I was having a conversation about Simon and school work, and the other person suggested that he wasn't motivated to do it. For a few years, I also thought that this was the problem, until it was explained that ADHD has a nasty habit of causing the brain to constantly try and decide what to pay attention to. Motivation isn't the problem, it's locking down on the thing that you have to do.
And of course, I know exactly how that works. Acknowledging my "thought spirals" is a fairly recent development, but I deeply understand it from experience. I remember my senior year of college in particular how difficult it was. I remember having to read in American Literature, and write about it, and I can tell you that I was motivated because without it I'd be one credit short to graduate (and also not establish the double major). But I was constantly bogged down in things large and small, whether it be gaming out my next career moves after graduation, or figuring out what the hell I was gonna eat because I was so poor and living off-campus. That book couldn't compete.
This seems abstract and foreign to people who don't experience it. Some people even claim to have no internal dialog, which seems impossible. I can only imagine how well I would sleep if I didn't have that. But it's real, and it affects everything that I do.
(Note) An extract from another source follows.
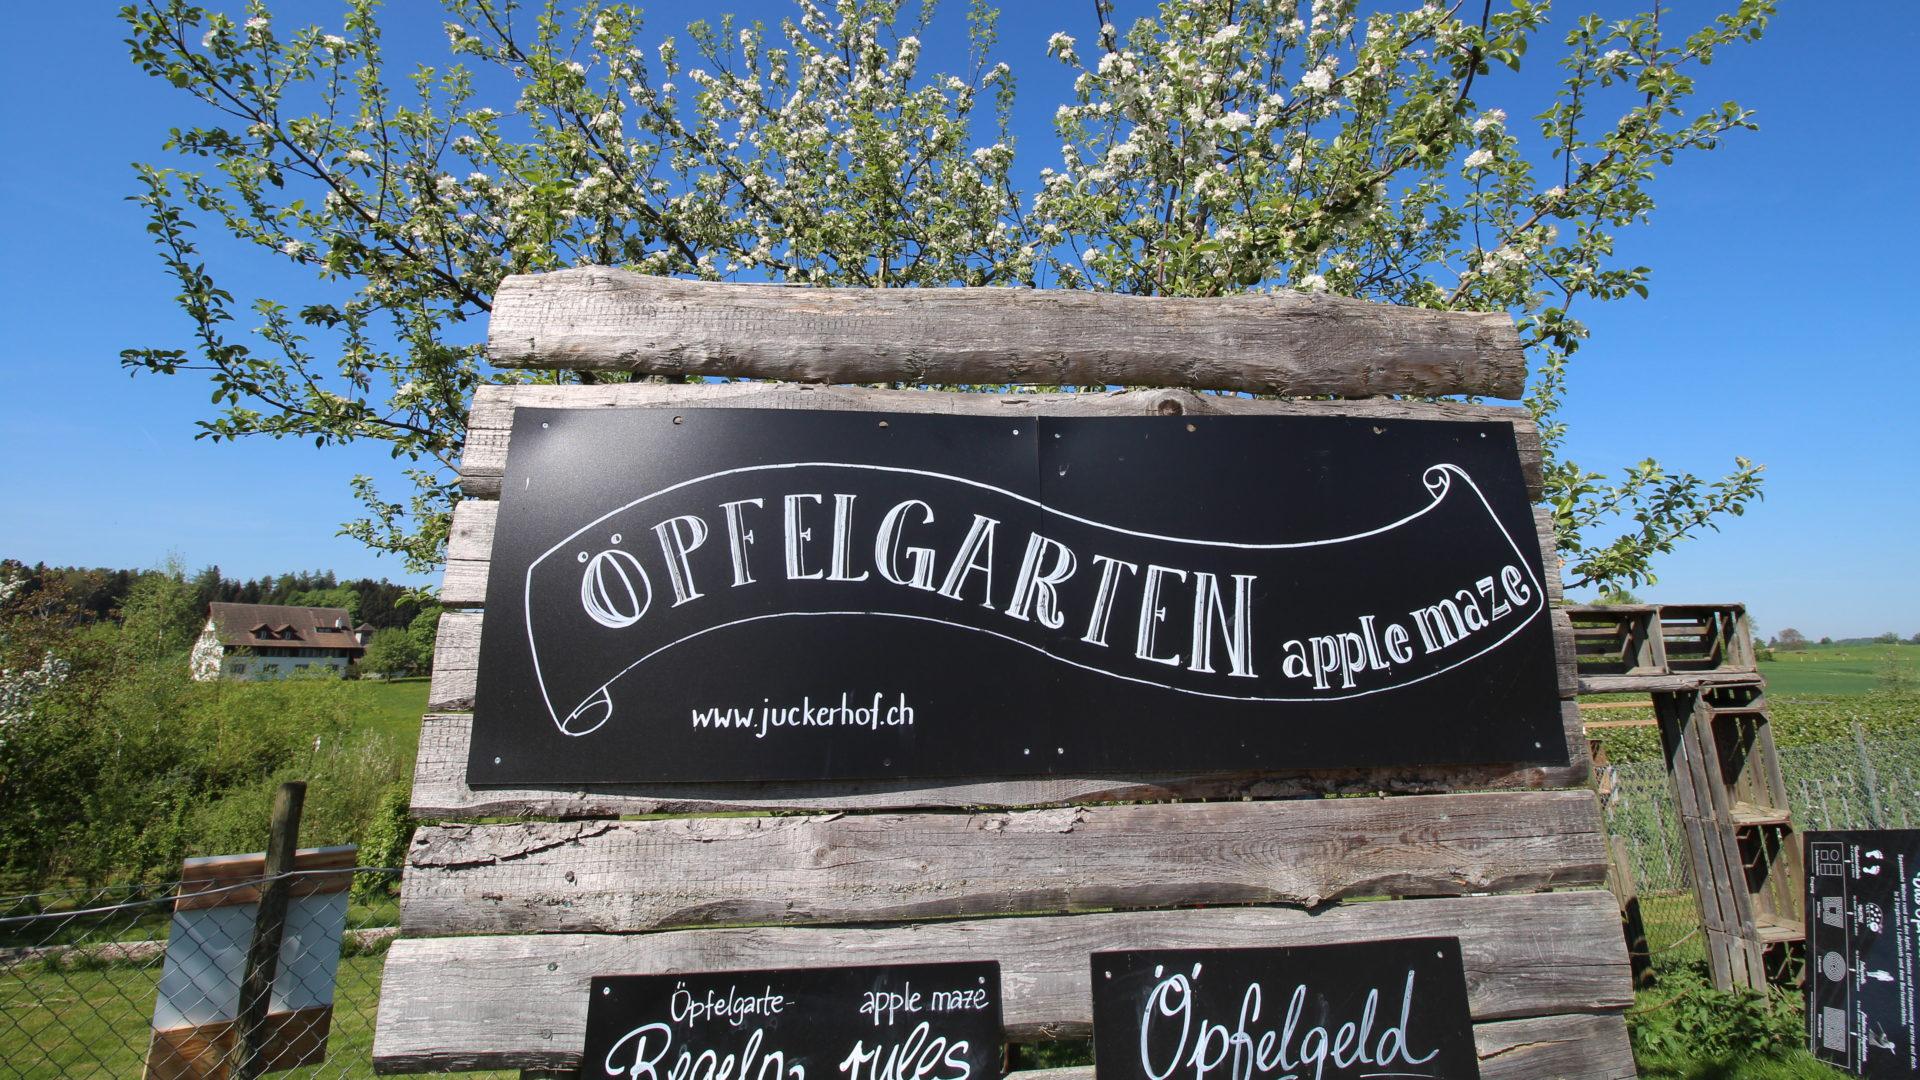 Juckerhof ÖpfelGarte Tafel

Where Simon and I differ is that I've had decades to develop coping strategies, and he has not. These are not deliberate plans, mind you, but rather behavioral action that largely comes out of necessity. High school and college, it was bad. Work requires you to, uh, work, so you can keep your job and get paid. The stakes are different, so you internally find ways to focus on the things. When I was actively writing code, I was not turning out work as fast as my peers, and it was partly because the work happens on a computer connected to the Internet, and also because my skill level made it harder to get to the desired outcomes. Motivation had nothing to do with it. I had an iPhone back then when it first came out, but fortunately you couldn't really do anything with it. I didn't really develop coping mechanisms until I managed more people.
I have two things fueling some degree of focus, my coping strategies, though it's certainly not the hyperfocus I enjoy on certain things. The first thing is that my general empathy for others means I feel a responsibility to them. At work, this means that filling out some simple form for some administrative purpose could be slow going, but a task that benefits a colleague I try to get done as quickly as possible. The second thing is that my anxiety doesn't like me to be overwhelmed, because then I just stop doing everything. The key to combat that is get it done as quickly as possible. That's why I'm inbox-zero most of the time. This translates to home life sometimes, too. When I cook, I wash dishes as I go because I can't deal with the pile. Conversely, I haven't cut my documentary because I don't owe it to anyone, and frankly I'm already overwhelmed by the volume of footage. Motivation isn't the issue.
The point is that you can't assume that someone with ADHD isn't motivated, because there's more going on than you can obviously see. Unfortunately, people still don't like to acknowledge it or get tested as an adult, so you may default to thinking a person is unmotivated. We've gotta change that.